За круглым столом сидят стандартные участники подобных передач: либеральный ведущий, историк, священник, сценарист порнофильмов, поэтесса-концептуалист.
Ведущий, обращаясь к историку:
– Так что же есть сейчас русская идея, по-вашему? Как её можно охарактеризовать, преподнести?
Историк, глядя в сторону и вниз:
– Я бы сказал, что русская идея, по своей сути, это философско-идеологический механизм самоидентификации русскости. Безусловно, сама эта идея – часть русской философии и…
Его перебивает поэтесса-концептуалист:
– Русская философия станет собственно чистой философией, когда перестанет обслуживать русскую идею. Ведь русская идея в её радикальном изложении религиозна и при этом ветхозаветна. Все эти пассажи, наподобие богоизбранности русского народа, мессианство. Или вот это, как мог бы сказать Саваоф всем русским: «Не поклоняйтесь западным идолам!».
Священник:
– Да ещё Толстой говаривал о Тургеневе: «Трясёт демократическими ляжками». От этих сотрясений – западнодемократных – идея русская в умах еретических пребывает, как дом на песке. Еретикам надлежало бы изумляться и удивляться благостному устройству идейности русской, а не лепить своих божков из праха и пепла.
Сценарист порнофильмов:
– Мне кажется, нужно начать с того, что с возникновением русской идеи русский человек всегда был объектом русско-философских размышлений, в центре внимания которых были проблемы нашего человека, и главная задача русской идеи – создание интегральной концепции русского человека с его эмоциями, инстинктами и влечениями, с его обнажающейся натурой. Нельзя забывать, что для русского человека…
– На хуй!
– …очень существенны реальные условия его бытия. А в области натуралистической эстетики…
– Заебали, блядь! – пассажир мужеского пола запустил в монитор недопитую бутылку «Клинского». На него никто не обратил внимания, все дремали.

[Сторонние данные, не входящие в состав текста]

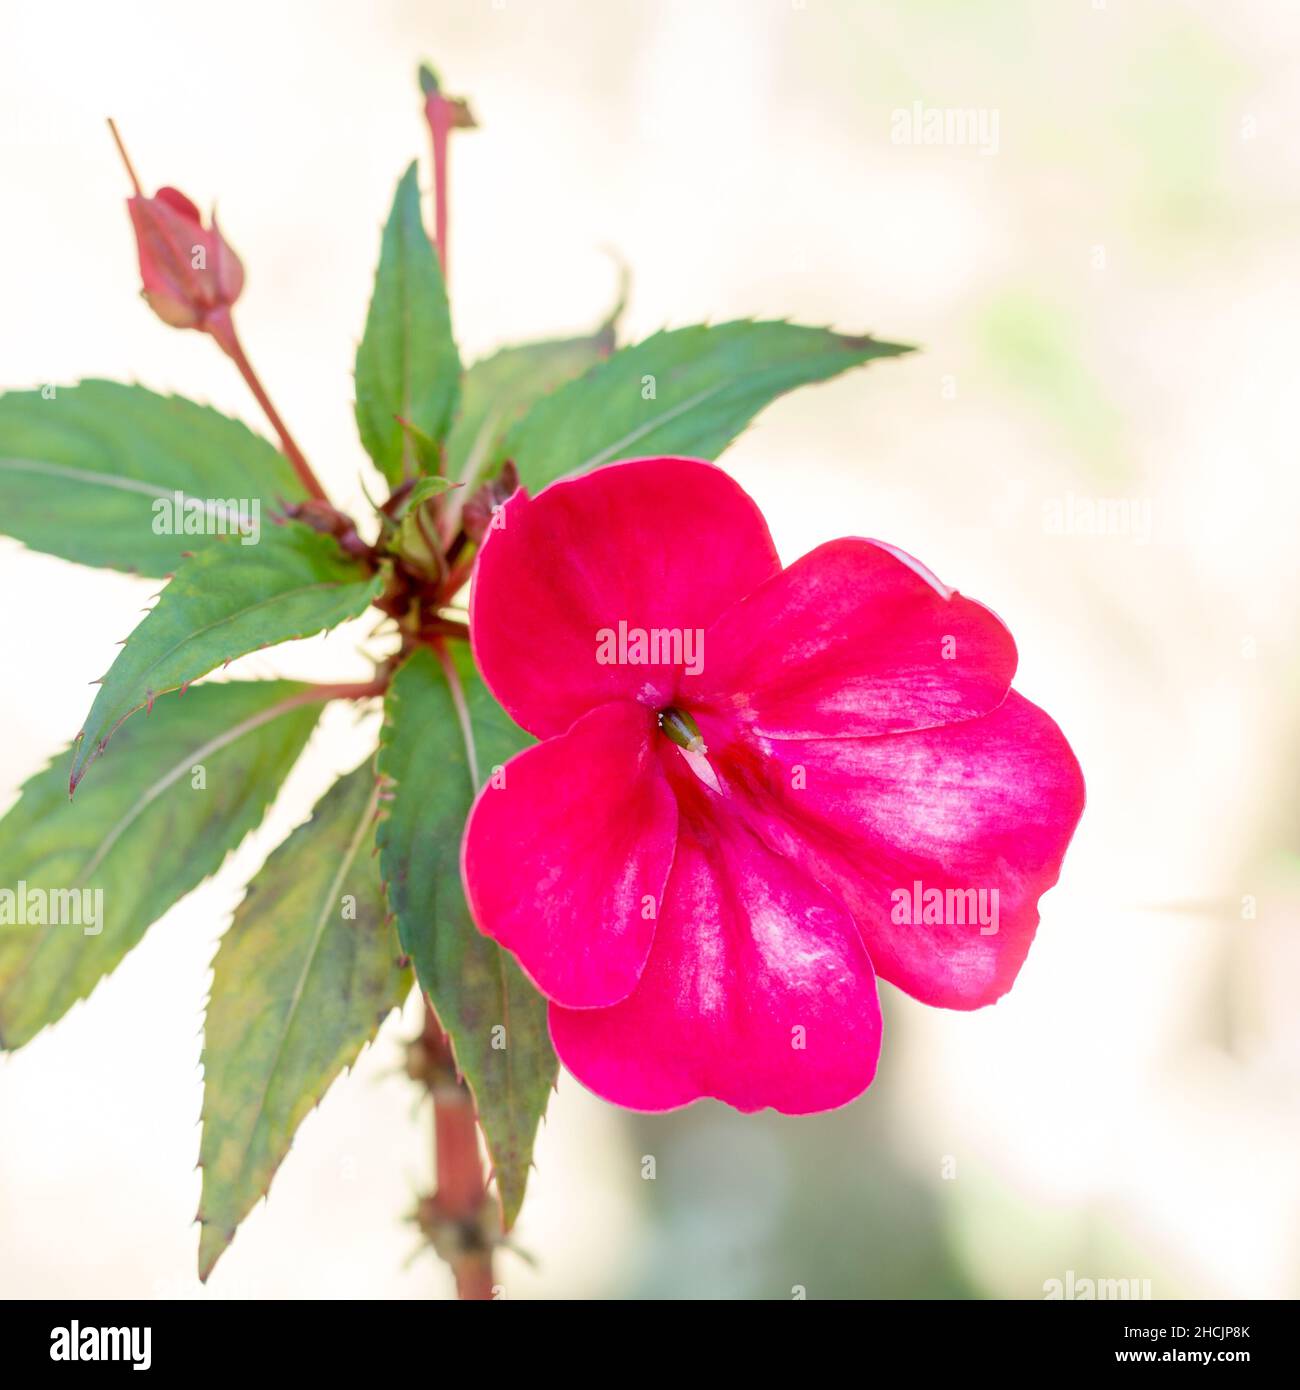 nuova cavia impatiens o impatiens fiore hawkeri, primo piano vista di una fioritura rosa nel giardino Foto Stock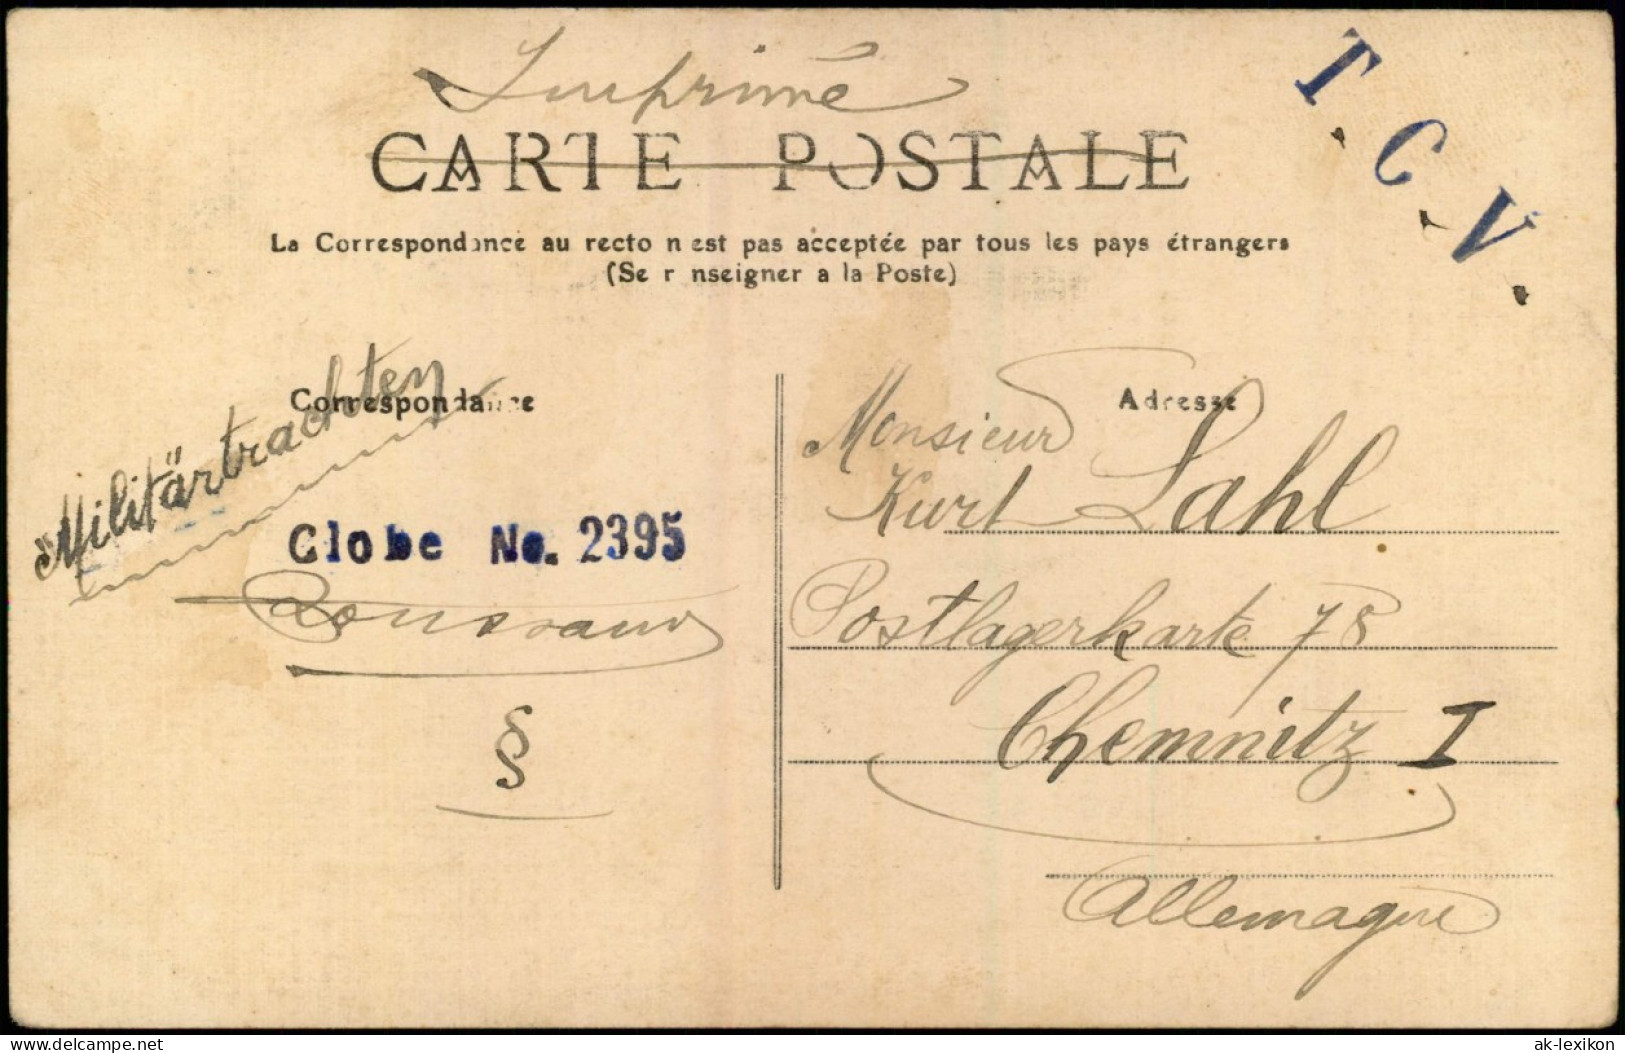 CPA Bordeaux La Passerelle 1911 - Bordeaux

Выходя на остановке из маршрутки, Герман спросил водителя:
– А почему вы ставите такие записи в салоне?
– А нас обязывают теперь. Раньше блатняк крутил, и нормально было, а сейчас каждую неделю монитор меняю.
Геолога не было дома. Старушка соседка сказала, что он пошёл к гетере, и показала дорогу. Друзья изумились наличию в маленьком посёлке гетеры, и именно гетеры, а не просто поселковой шлюхи. Заблудившись на развилках, Евгений и Герман поинтересовались у мальчика лет двенадцати, как пройти к гетере и, вообще, кто она такая.
– А вы уже пришли, – ответил мальчуган, – вон тот дом. А гетера эта – бывшая наша библиотекарша. К ней сейчас многие ходят. Время такое.
Ставни деревянного дома оказались плотно прикрыты. Дверь не заперта. Во дворе не было видно живности, только цветы да декоративный кустарник. Проход в комнату узкий, едва освещённый красным светильником у потолка. Посреди комнаты на большом ковре, окружённом разноцветными свечами и благовониями, лежала гетера – женщина средних лет, едва прикрытая прозрачной накидкой. Рядом – трое обнажённых мужчин. В одном узнавался геолог. Все молча глядели на вошедших Германа и Евгения. Гетера долго и пристально всматривалась в них.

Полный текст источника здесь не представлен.